Even in Together mode’s current form, Lanier and others at Microsoft stress that it’s a first step.

This got Lanier thinking about a separate concern the comedian had: How would the show work without responses from a live crowd? Lanier reached out to the Microsoft Teams group, which had already been playing around with ways to combine videos of different people, and asked it to throw together a virtual audience prototype.


The virtual-audience idea never went anywhere, Lanier says, partly because Microsoft wanted to keep its people-combining technology under wraps, and partly because comedians found other ways to adapt their work that didn’t involve experimental technology. Still, Lanier saw the potential to use the concept elsewhere.

“I was looking at this thing and playing with it, and I realized, ‘You know what, if we tweak this thing and work with it, we can bring up some of the advantages we’ve learned about how to improve visual communications,” Lanier says.

Even in Together mode’s current form, Lanier and others at Microsoft stress that it’s a first step. Jeff Teper, the head of Microsoft 365 and Teams engineering, says the company would like to experiment with different kinds of room layouts beyond the virtual auditorium that it will offer at launch.

Together mode is available to Teams users in school as well as business customers. [Image: courtesy of Microsoft]
“We’ll see people make the space their own, just like they do the workplace, for the type of social dynamics that may exist,” he says. “I think where this is headed is a lot more flexibility and customization.”

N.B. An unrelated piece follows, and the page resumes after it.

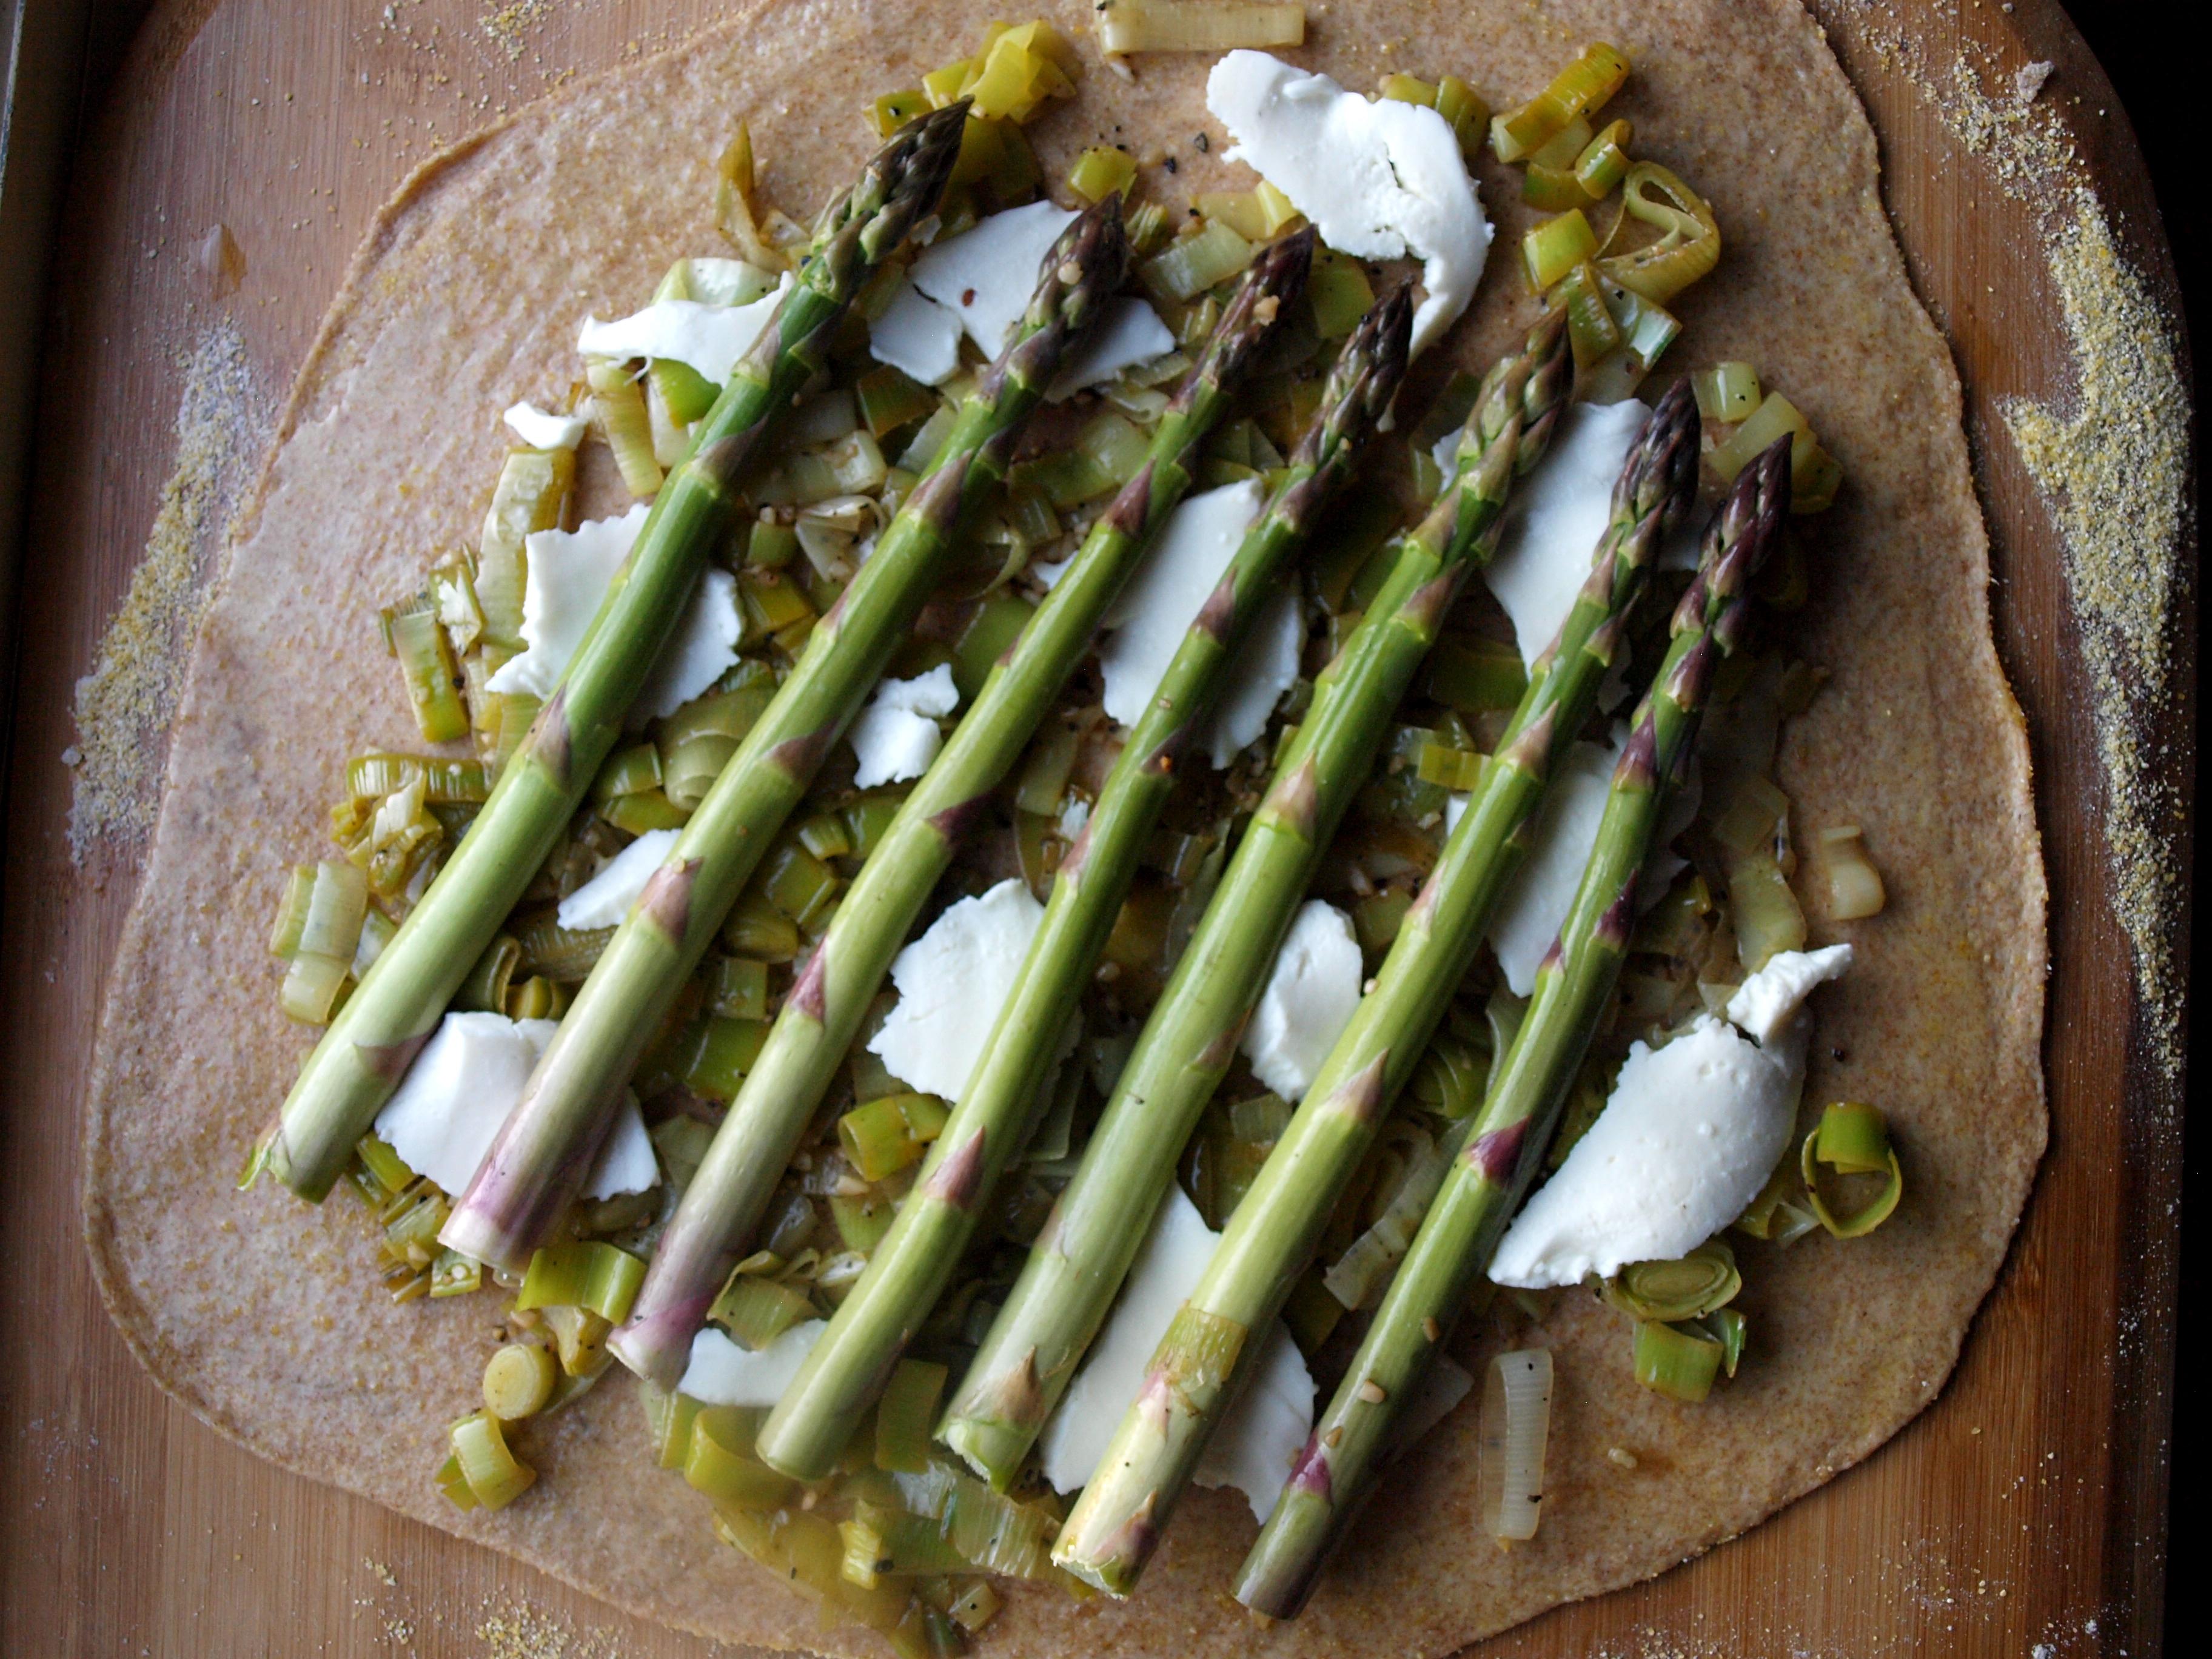 Crispy Asparagus Flatbread, prepared

Microsoft also notes that Together mode won’t make sense for every kind of meeting. Lanier says he starts seeing the benefits with at least a few people on a call, and finds them most noticeable when five or more people are participating. It’s also going to be impractical when people need to present slides or work on a whiteboard. Bailenson, the Stanford professor, says he’ll most likely use it at the start of a video call for team-building purposes, but not for hours on end.


Still, Lanier hopes Together mode will establish itself as a video chat convention, not unlike how Zoom’s Gallery View became a table-stakes feature for videoconferencing amid the pandemic.

“Personally, I think this thing’s going to hit the culture, and a lot of interesting stuff’s going to happen,” he says.